NVIDIA B200 cloud pricing

Vendor: NVIDIA
VRAM: 192 GB
Architecture: Blackwell
FP16: 2250 TFLOPS
Launched: 2025

Lowest

$2.27

Median

$3.37

Highest

$4.99

8 results

Provider	Plan	GPUs	VRAM	vCPUs	RAM	Price	Regions	Visit
Hyperstack	B200 (per GPU) On-demand	1	180 GB	28	283 GB	$3.50 /GPU-hr Verified Jun 20, 2026	1 country	Visit →
Hyperstack	B200 (per GPU) Reserved	1	180 GB	28	283 GB	$2.27 /GPU-hr Verified Jun 20, 2026	1 country	Visit →
Together AI	B200 cluster (per GPU) On-demand	1	180 GB	28	283 GB	$3.99 /GPU-hr Verified Jun 20, 2026	1 country	Visit →
Together AI	B200 cluster (per GPU) Reserved	1	180 GB	28	283 GB	$2.59 /GPU-hr Verified Jun 20, 2026	1 country	Visit →
CoreWeave	HGX B200 (per GPU) On-demand	1	180 GB	28	384 GB	$4.25 /GPU-hr Verified Jun 20, 2026	1 country	Visit →
CoreWeave	HGX B200 (per GPU) Reserved	1	180 GB	28	384 GB	$2.76 /GPU-hr Verified Jun 20, 2026	1 country	Visit →
Lambda	B200 1x On-demand	1	180 GB	28	283 GB	$4.99 /GPU-hr Verified Jun 20, 2026	1 country	Visit →
Lambda	B200 1x Reserved	1	180 GB	28	283 GB	$3.24 /GPU-hr Verified Jun 20, 2026	1 country	Visit →

Providers offering this GPU

Lambda

Lambda Labs is purpose-built for ML teams - simple, transparent per-hour rates on H100, H200, B200, and GB200 instances with zero hidden fees. Known for responsive support and direct hardware access, it is a top choice for training runs that need predictable pricing without cloud-platform complexity.

CoreWeave

CoreWeave is a specialized GPU cloud operator with massive fleets of HGX H100, H200, GB200 NVL72, and B200 systems interconnected with high-speed InfiniBand networking. Purpose-built for large-scale AI training and inference at enterprise-grade reliability, it has become a preferred alternative to hyperscalers for GPU-intensive workloads.

Together AI

Together AI provides blazing-fast hosted inference for open-weight models including Llama 3.1 (8B through 405B), DeepSeek V3, Qwen 2.5, and Mistral - all at prices far below closed-model APIs. Its optimized serving infrastructure and free tier for experimentation make it the go-to platform for teams that prefer open models without self-hosting overhead.

Hyperstack

Hyperstack is a next-generation GPU cloud platform offering H100, A100, B200, L40S, and RTX-class accelerators at aggressive on-demand and reserved rates. With data centers in London and Oslo, Terraform support, and fast API-driven provisioning, it targets teams that want hyperscaler-grade GPU availability without the lock-in.

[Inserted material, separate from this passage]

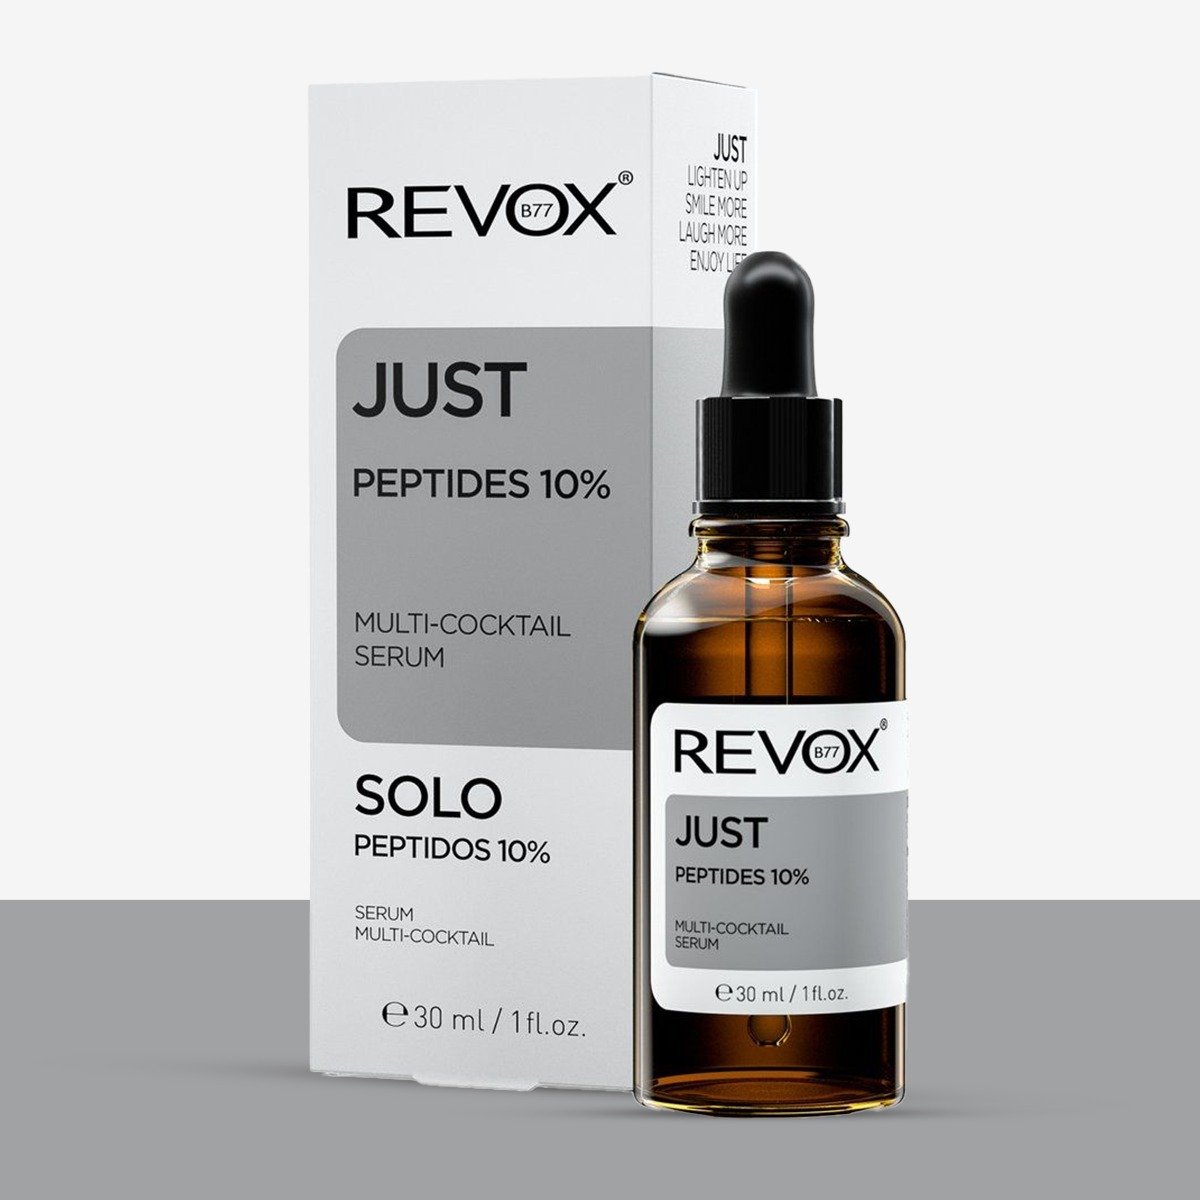 Revox Just Peptides 10% Multi Cocktail Serum
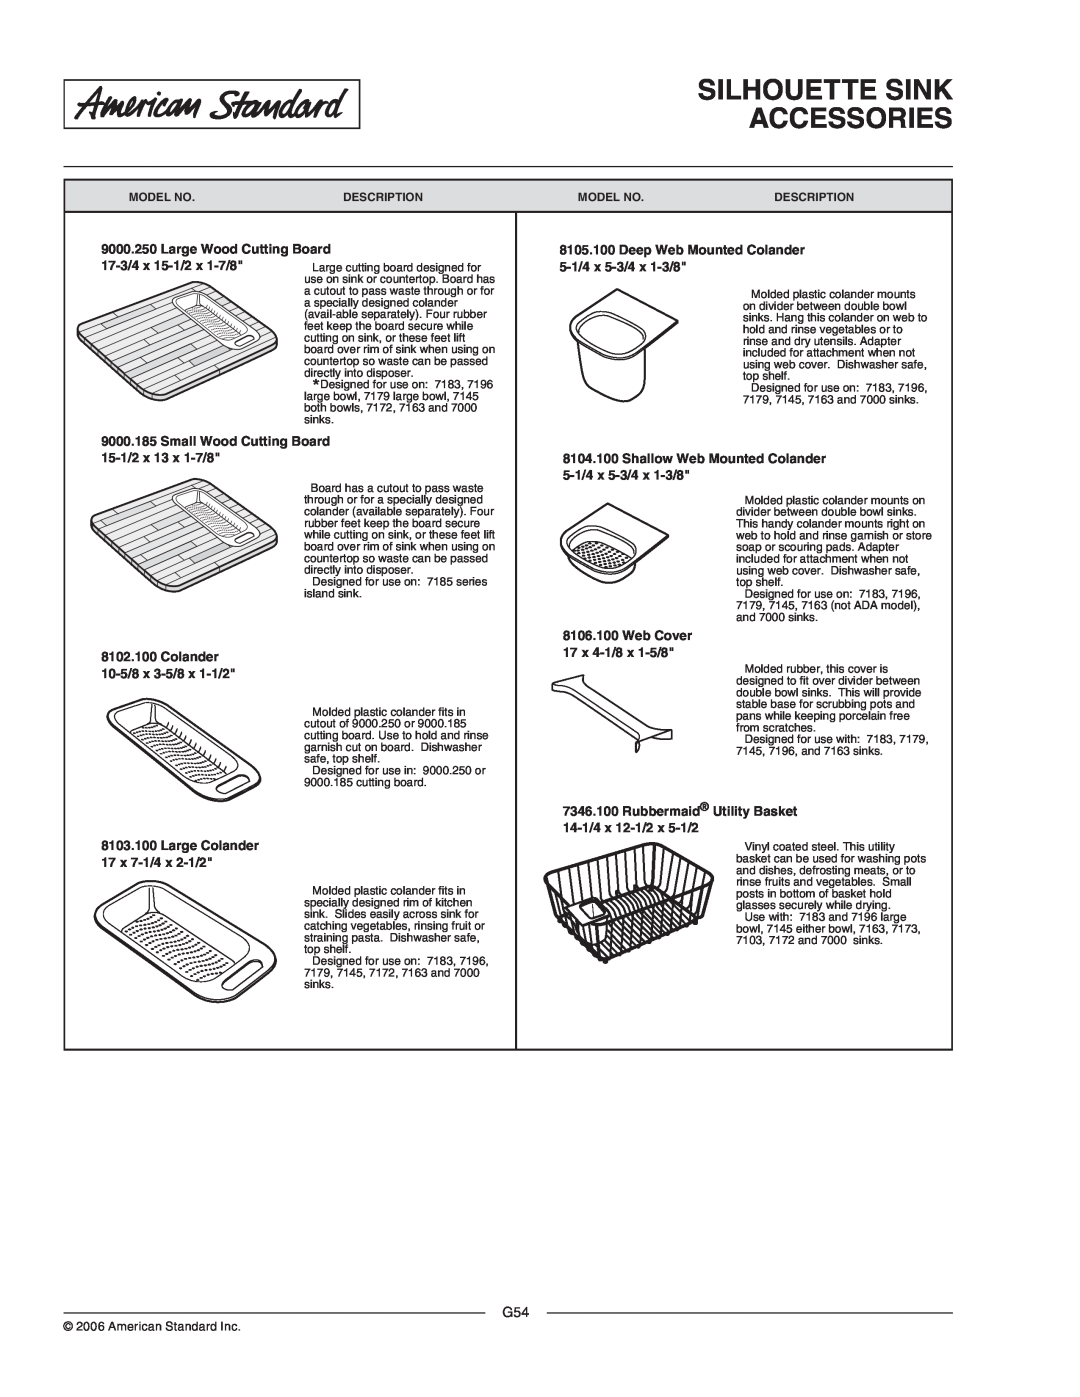 American Standard 8102.100, 8105.100, 8106.100, 8104.100, 7346.100, 9000.185, 9000.250 manual Silhouette Sink Accessories

Frequently asked questions

How much does an NVIDIA B200 cost per hour in the cloud?

The lowest on-demand NVIDIA B200 price we track is $2.27 per GPU-hour. Spot and reserved rates are usually lower; sort the table above by price to see the current rate from every provider.

What is the cheapest NVIDIA B200 cloud provider?

Sort the table by price (low to high) to see the cheapest NVIDIA B200 provider right now. Marketplace and spot providers often undercut hyperscalers by a wide margin for the same NVIDIA B200.

Which cloud providers offer NVIDIA B200 GPUs?

Every provider with published NVIDIA B200 availability is listed above, with per-hour pricing, the number of GPUs per instance, region coverage, and on-demand, spot, and reserved rates.

Is spot NVIDIA B200 cheaper than on-demand?

Yes. Spot (preemptible) capacity is typically 40-70% cheaper than on-demand but can be reclaimed at short notice. Use the pricing-mode filter to compare on-demand, spot, and reserved rows side by side.

How much VRAM does the NVIDIA B200 have?

The NVIDIA B200 ships with 192 GB of VRAM. Larger VRAM lets you fit bigger models and batch sizes without sharding.

Is the NVIDIA B200 good for AI training and inference?

The NVIDIA B200 is used for both LLM training and inference. Match its VRAM and throughput (shown above) to your model size, and use spot capacity for fault-tolerant training to cut costs.